Kebangkitan Cina yang kedua ini berbeda dari kebangkitan yang pertama karena Cina tidak hanya bangkit di bidang ekonomi, tetapi juga di bidang-bidang lain. Pada saat ini, di samping produk ekspornya yang murah, Cina juga dikenal lewat prestasi olah-raganya yang mencapai tingkat dunia. Yao Ming, dan disusul oleh Yi Jianlian, telah berhasil menembus klub elit bola basket Amerika Serikat, NBA. Hanya di bidang sepak bola Cina belum bisa bicara banyak. Film-film Cina dihargai di festival-festival internasional, bahkan memenangkan berbagai hadiah yang amat prestisius. Begitu pula banyak pemain musik (a.l. Liu Siqing, biola, Lang Lang, piano) yang mendapat sambutan meriah di aneka gedung kesenian di seluruh dunia. Pelukis-pelukis Cina (a.l.
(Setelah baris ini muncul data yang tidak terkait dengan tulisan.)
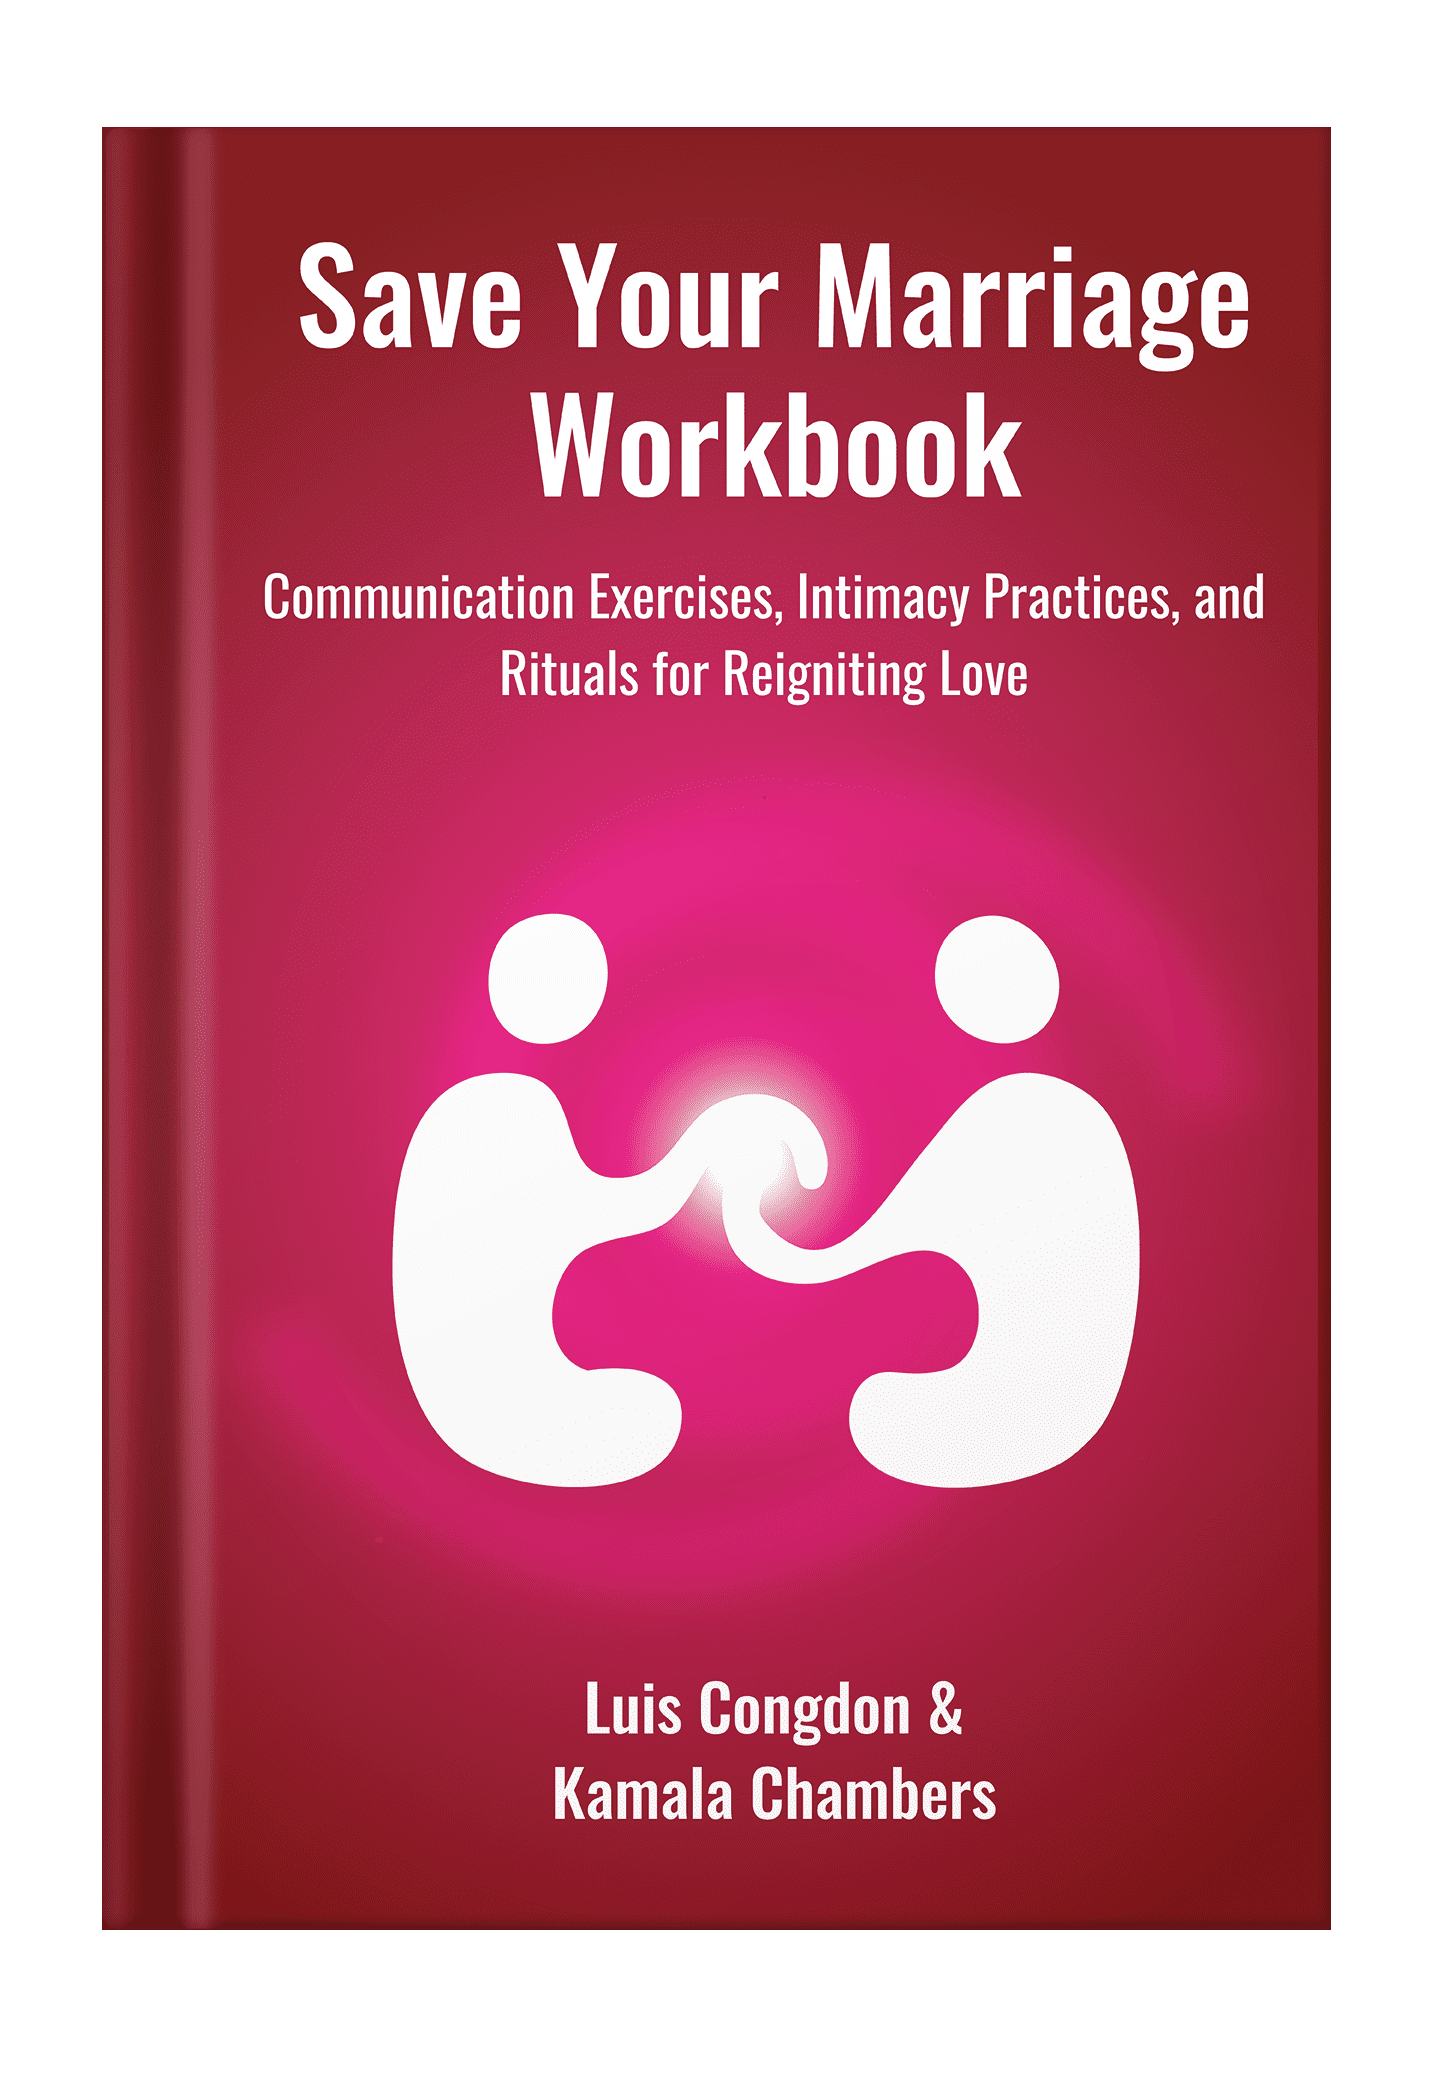 Save Your Marriage Workbook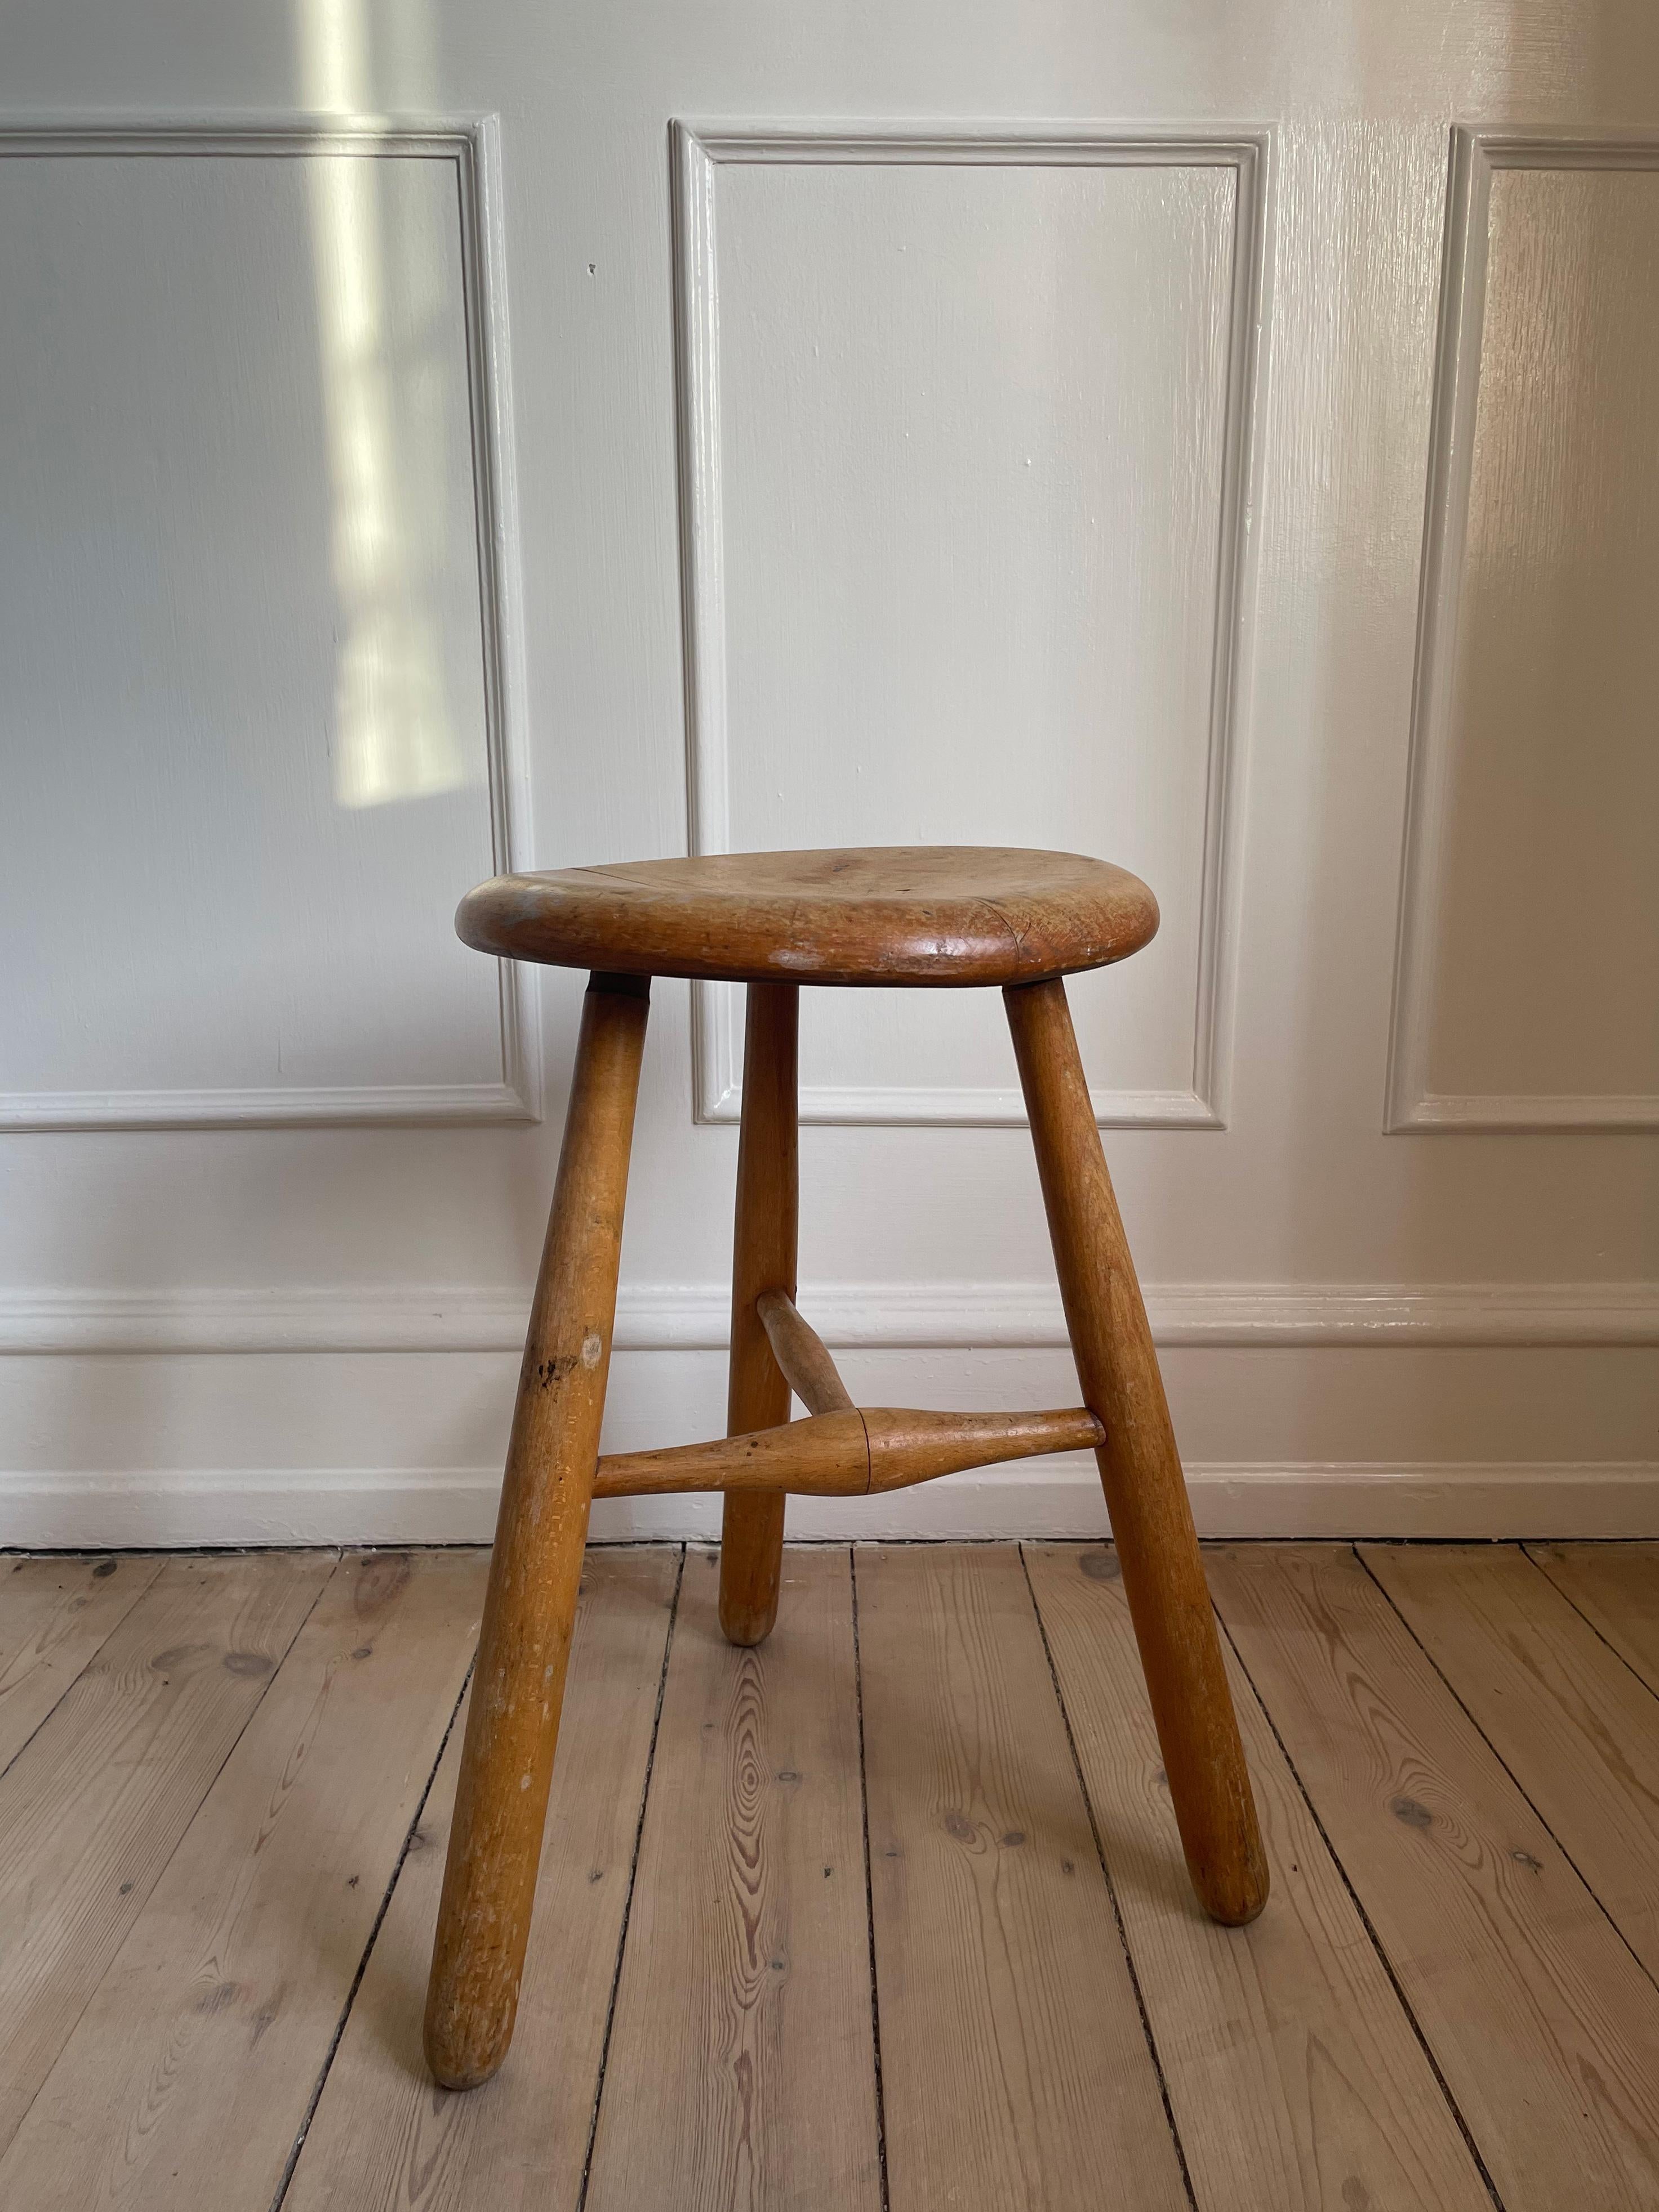 Rustic wooden bohemian style stool or side table with three legs. Fully stable with patina and signs of wear and age. Manufactured in Sweden in the 1950s.

Fang Lijun) juga telah menghiasi banyak pameran di galeri-galeri terkenal di dunia dan diburu oleh para kolektor lukisan. Lewat karyanya Gunung Sukma (灵山), pengarang Gao Xingjian, memenangkan hadiah Nobel Kesusasteraan 2000. Pada tahun 2003 Cina berhasil melontarkan satelit yang membawa manusia yang mengorbit di luar planet bumi, negara ketiga di dunia yang bisa melakukan hal ini (sesudah Rusia dan Amerika Serikat).

Catatan singkat di atas disampaikan untuk sekedar menggambarkan kebangkitan Cina yang lebih luas. Semakin Cina mampu mengembangkan kebudayaannya, semakin besar pula power yang dimiliki. Hal ini sesuai dengan yang dikemukakan oleh Joseph Nye yang membuat analisis kekuatan yang dimiliki oleh Amerika Serikat. Negara ini menjadi superpower tidak hanya karena kekuatan kerasnya (hard power), tetapi juga kekuatan lunaknya (soft power). Apa yang terjadi di Asia Timur di masa depan tidak dapat dilepaskan dari kebangkitan Cina dalam hal soft power ini. Kalau Cina terus menanjak seperti sekarang, di segala bidang, dapat dibayangkan bahwa Cina akan menjadi kekuatan yang luar-biasa. Hal ini yang harus diperhitungkan sejak sekarang.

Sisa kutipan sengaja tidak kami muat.